My interpretation of this passage is that Conan Doyle either did not understand how ejectors work or made a careless mistake. Call this the Authorial Blunder interpretation. The demerit of my interpretation is that it refuses to take the story seriously as a story. When we interpret fiction, we try to figure of what sort of world the story describes. My interpretation refuses to say what sort of worlds Holmes-worlds are, because it gives an explanation in terms of facts about the author rather than facts about Holmes.
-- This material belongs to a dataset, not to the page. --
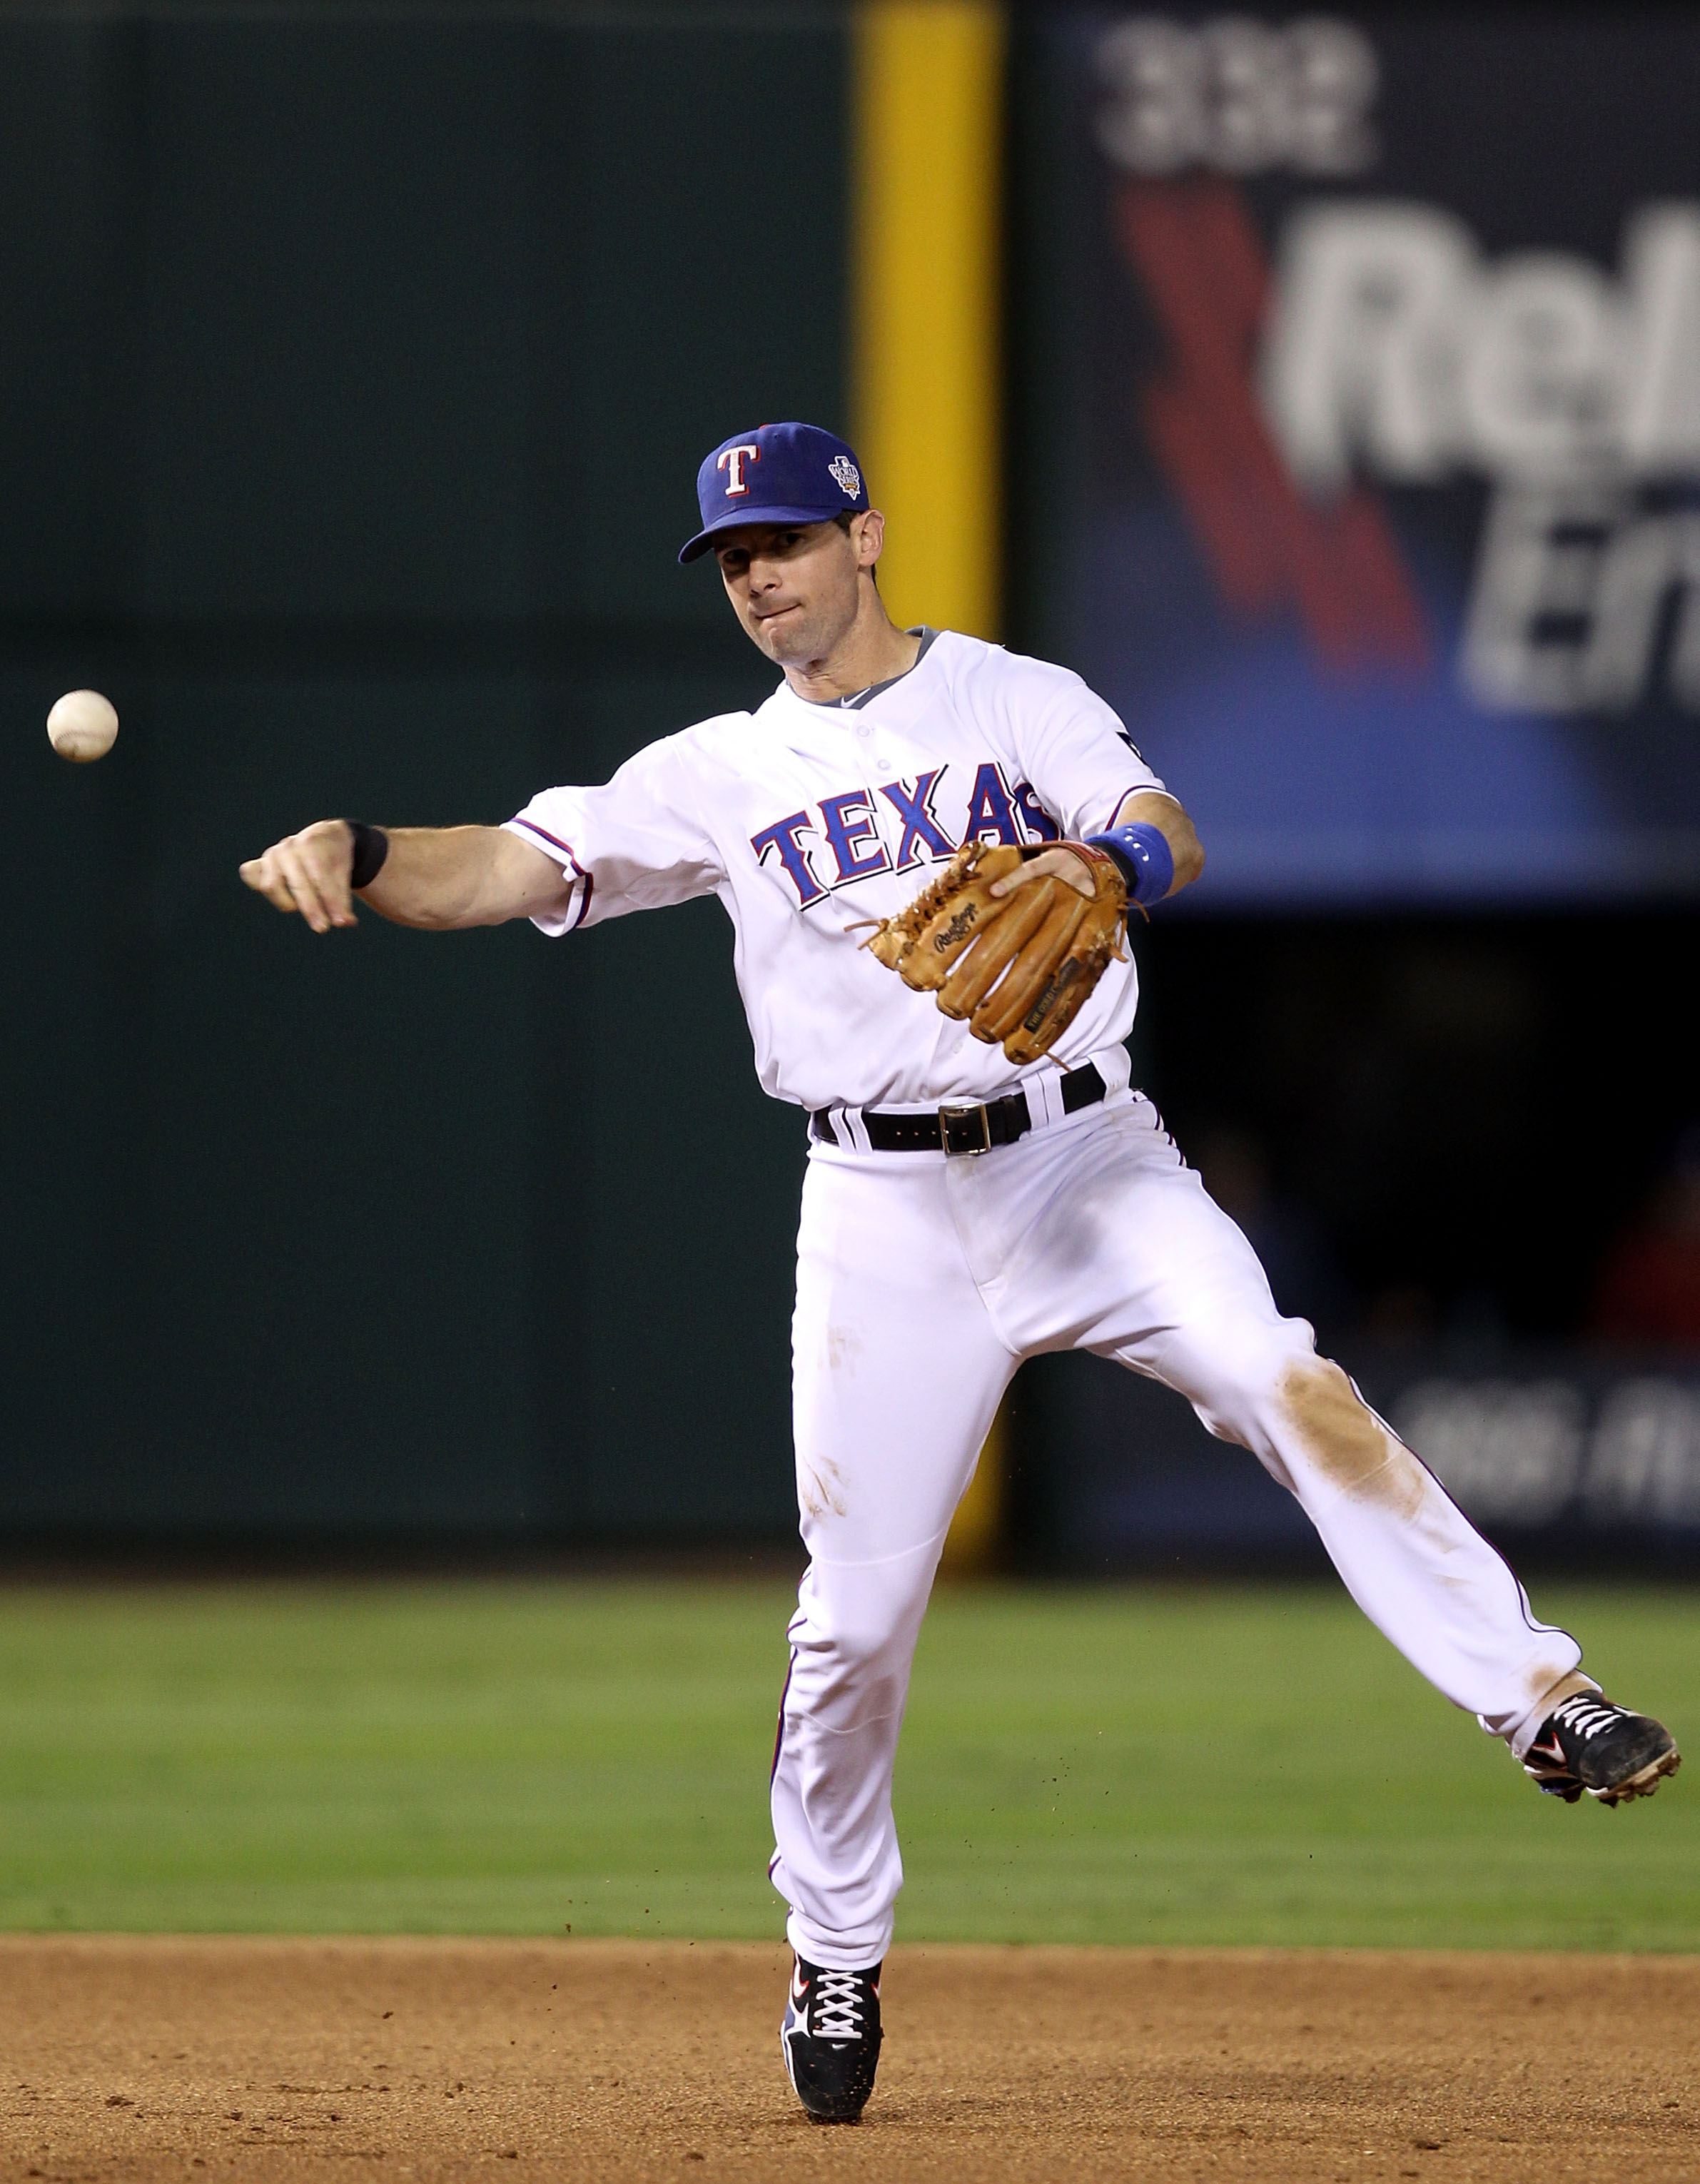 Michael Young Trade Rumors: 10 Teams That Are a Good Fit for the

If we try to interpret the story while explaining the puzzle of the cylinder in the flower bed, what are our options? Some authors say that the gunman crouched down in the flower bed after firing the fatal shot, emptied his pistol, and reloaded. Call these Reload interpretations. These require either that the gunman was obsessive compulsive (so that he felt the need to reload even though he had five bullets left in his gun) or that he was carrying a single-shot pistol (rather than a revolver, as Holmes suggests). Moreover, Reload interpretations do not explain why Holmes' mentioning the ejector is anything but a non sequitur. The relevant thing to have said would have been: "I thought so. The gunman reloaded."
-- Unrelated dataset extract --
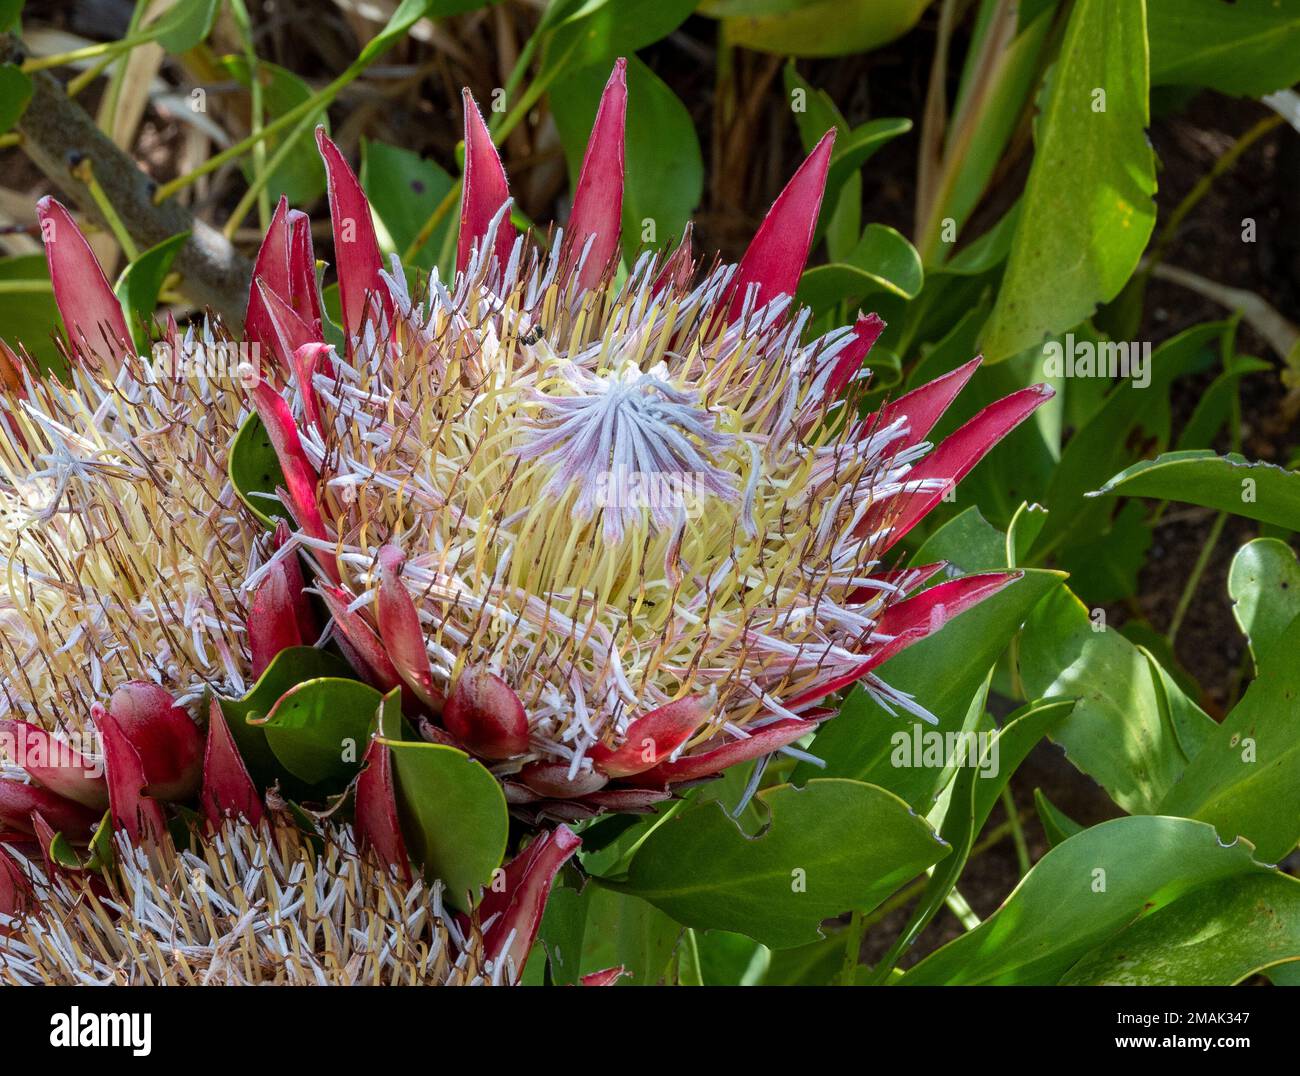 Giant flowers of King Protea (Protea cynaroides). Cape Town, South Africa. Stock Photo

Since the Holmes stories are presented as Doctor Watson's recounting the adventures of Sherlock Holmes, we could say that Watson misreported Holmes' utterance. Call this a False Watson interpretation. According to such an interpretation, there are many different Holmes-worlds in which Holmes says something a propos of finding the cartridge; in all of them, Watson misreports Holmes' utterance as the one given in the story. This maneuver seems too slick. First, it opens the way for Holmes-worlds in which Watson makes up all the details of the stories. Second, there is no interpretive payoff. The stories are no richer if we attach an explicit "or so Watson says" to every sentence in them. Third, we are left wondering why Watson misreported Holmes' utterance. If it was a blunder on Watson's part, then False Watson is just a variant of Authorial Blunder.
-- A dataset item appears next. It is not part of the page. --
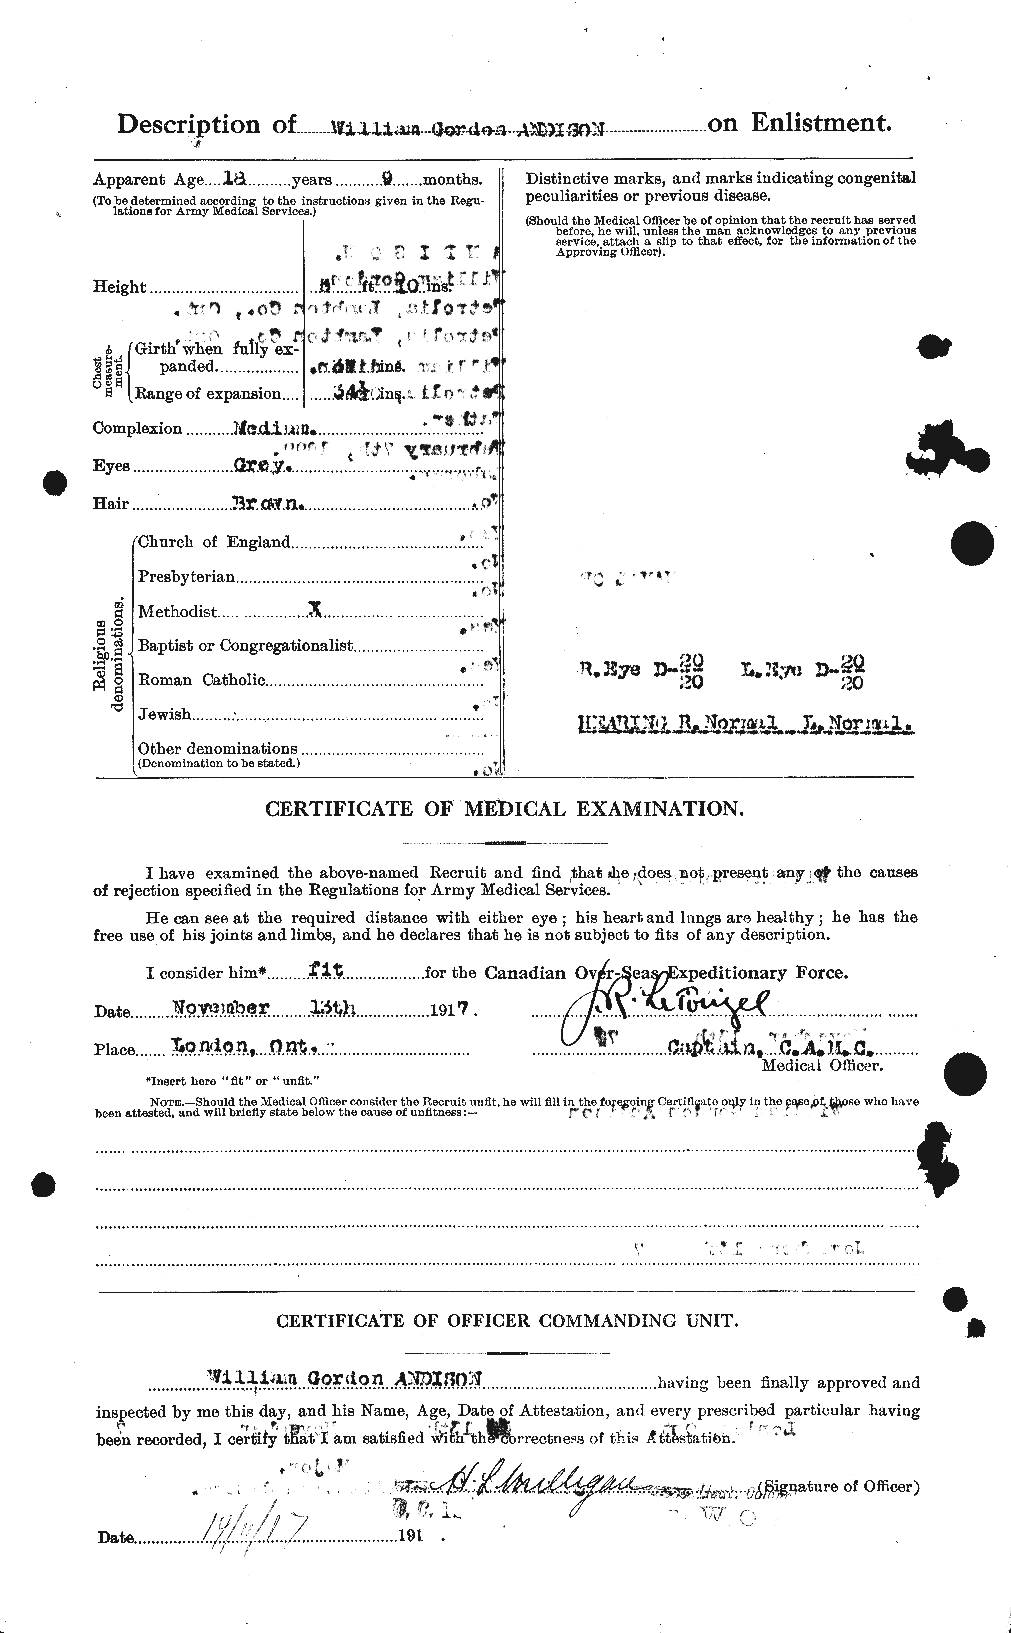 Personnel Records of the First World War - CEF 210881b

There is another option: Given that Holmes said what he said and that Holmes is clever, then the revolver's having an ejector must be relevant to the cartridge's being in the flower bed. This would all make sense if revolvers kicked out spent cartridges in Holmes-worlds, much in the way that rifles and semi-automatic pistols do in the actual world. Watson would not remark on such a fact, because it would be perfectly ordinary in his world. This interpretation solves the problem at hand without any of the problems that faced Reload and False Watson. Call this the Alternate Revolvers interpretation.*

I find this final interpretation wholly unappealing. I presume that Conan Doyle intended for Holmes-worlds to be like the actual world. He meant for there to be differences, like the existence of a brilliant detective at 221B Baker Street, but he did not intend far-reaching and subtle differences like this one. If revolvers are different in Holmes-worlds, it was due to a mistake by Conan Doyle.

As such, Alternate Revolvers must agree with Authorial Blunder that Conan Doyle goofed.** Conan Doyle's goof does not make the story incoherent, and so we can still ask what Holmes-worlds must be like. Alternate Revolvers does this, plowing ahead to consider revolvers and ejectors in Holmes-worlds. Thus, it continues to take the narrative seriously as a story. Authorial Blunder refuses to do so. It uses the goof as a reason to overlook this passage when thinking what Holmes-worlds must be like. Is my resistance to Alternate Revolvers just an instance of the Problem of Imaginative Resistance?


* The Alternate Revolvers interpretation might be weakened so as to describe some Holmes-worlds. Other interpretations, like the Reload interpretations, might be true in some other Holmes-worlds.

** One might use this as part of an argument for Authorial Blunder on grounds of parsimony. If we use Ockham's razor to shave off the revolver's ejector, however, we might just as well use it to shave off the whole discussion of Holmes-worlds. In the actual world, there are just words on a page.